– О, нет. Пожалуйста. Я не могу.
– Тогда что же ты хочешь от меня, Элизабет?
– Обними меня. Обними меня. Я боюсь.
Генрих уступил ей, но его попытки скрыть свое облегчение и свою действительную, даже если и временную, неприязнь по отношению к ней закончились явной неудачей, хотя он и не заметил никаких изменений в своей манере общения. Элизабет снова расплакалась, серьезно рассорилась с ним и выставила его вон. Генрих сдержал свой гнев и крепился в течение нескольких адских недель, но эта сцена имела эффект, которого он не ожидал. В течение трех недель его пребывания в Лондоне Элизабет никогда больше не касалась этой темы, и тем самым причинила ему еще больше душевных страданий, чем когда-либо в прошлом.
Элизабет внезапно стала скучной и покорной, такой, какой она была до того, как они поженились, не приветствуя и не отвергая его знаков внимания, и теперь Генрих начал понимать, насколько он зависел от ее остроумия и веселых манер, чтобы оживить государственные обеды и официальные приемы. Он даже скучал по ее злым ссорам, потому что они возбуждали его и разительно отличались от политических заседаний, на которых никто не осмеливался спорить с королем. Его мнение иногда оспаривали, но аргументы всегда предлагались логично и бесстрастно. Элизабет никогда не была логичной, часто бывала непоследовательной, и всегда во время спора была охвачена волнением. Довольно часто теперь его ночные визиты к ней заканчивались после обмена формальными любезностями, но растущее внутри Генриха чувство обиды не мешало ему видеть, как Элизабет страдает. Она с каждым днем становилась все бледнее и тоньше.

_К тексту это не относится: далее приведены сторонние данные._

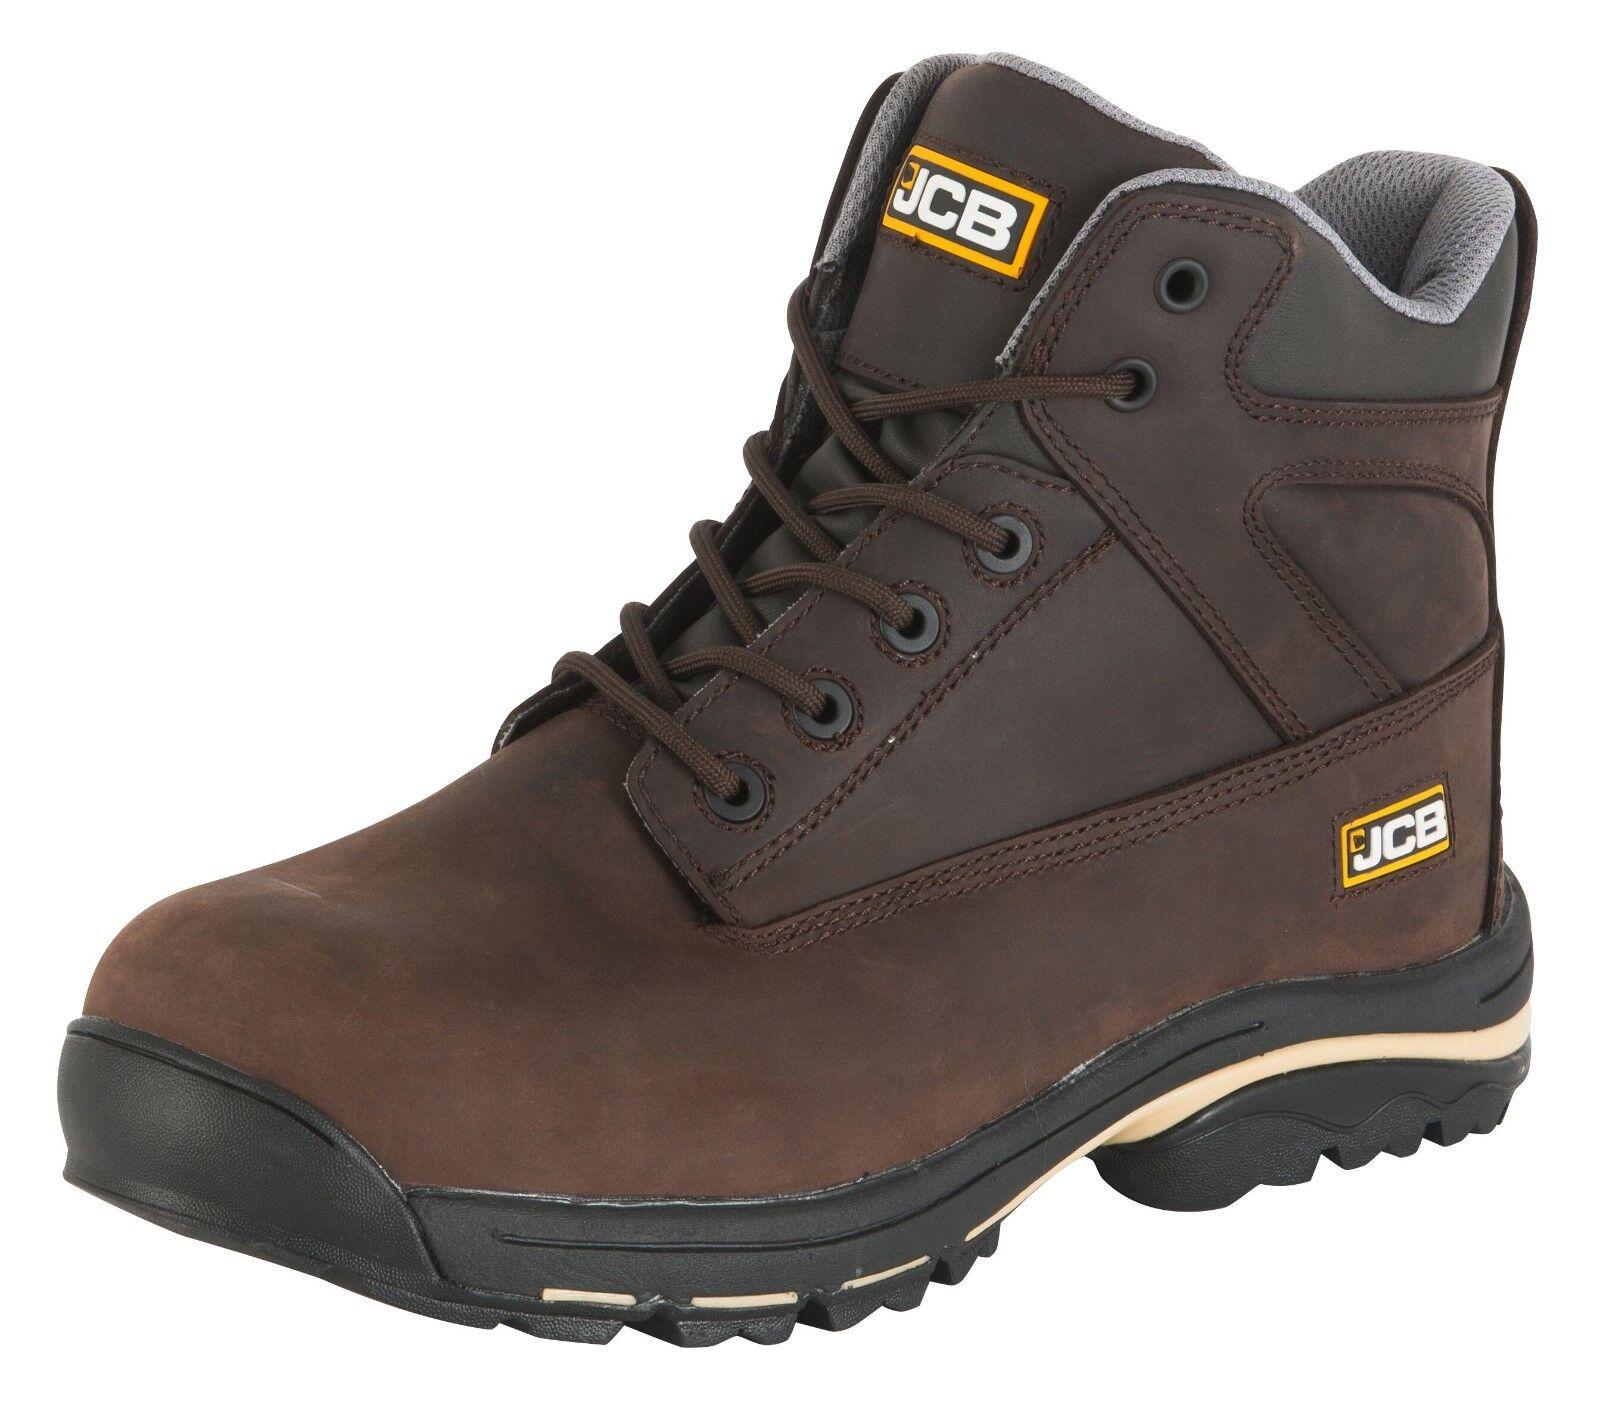 JCB  Workmax Dark Braun Leder  JCB Uomo Work Safety Stiefel Steel Toe Cap Mid Sole New 0a0ff0

Для Генриха было мукой и облегчением одновременно поцеловать ее на прощание десятого марта, вскочить на лошадь и знать, что ему не придется приходить к ней этой ночью. В Варе его огромная свита остановилась, чтобы дать лошадям отдых и перекусить. Генрих выпил больше, чем обычно, и его настроение поднялось. Он уговорил Неда Пойнингса и Джона Чени, который был почти таким же сильным, как Уильям Брэндон, устроить рукопашную схватку, а сам испытал свое мастерство в стрельбе из лука, соревнуясь с Оксфордом. Оба стреляли настолько плохо, возможно, из-за того, что переусердствовали в своих военных приготовлениях, что профессиональные стрелки разбили их в пух и прах.
Ройстон принял их той же ночью с поистине королевским гостеприимством: горели костры, люди приветствовали их громкими возгласами. Генрих и его свита ели за чей-то счет, а Эджкомб довольно хихикал и подсчитывал деньги, сэкономленные на их содержании.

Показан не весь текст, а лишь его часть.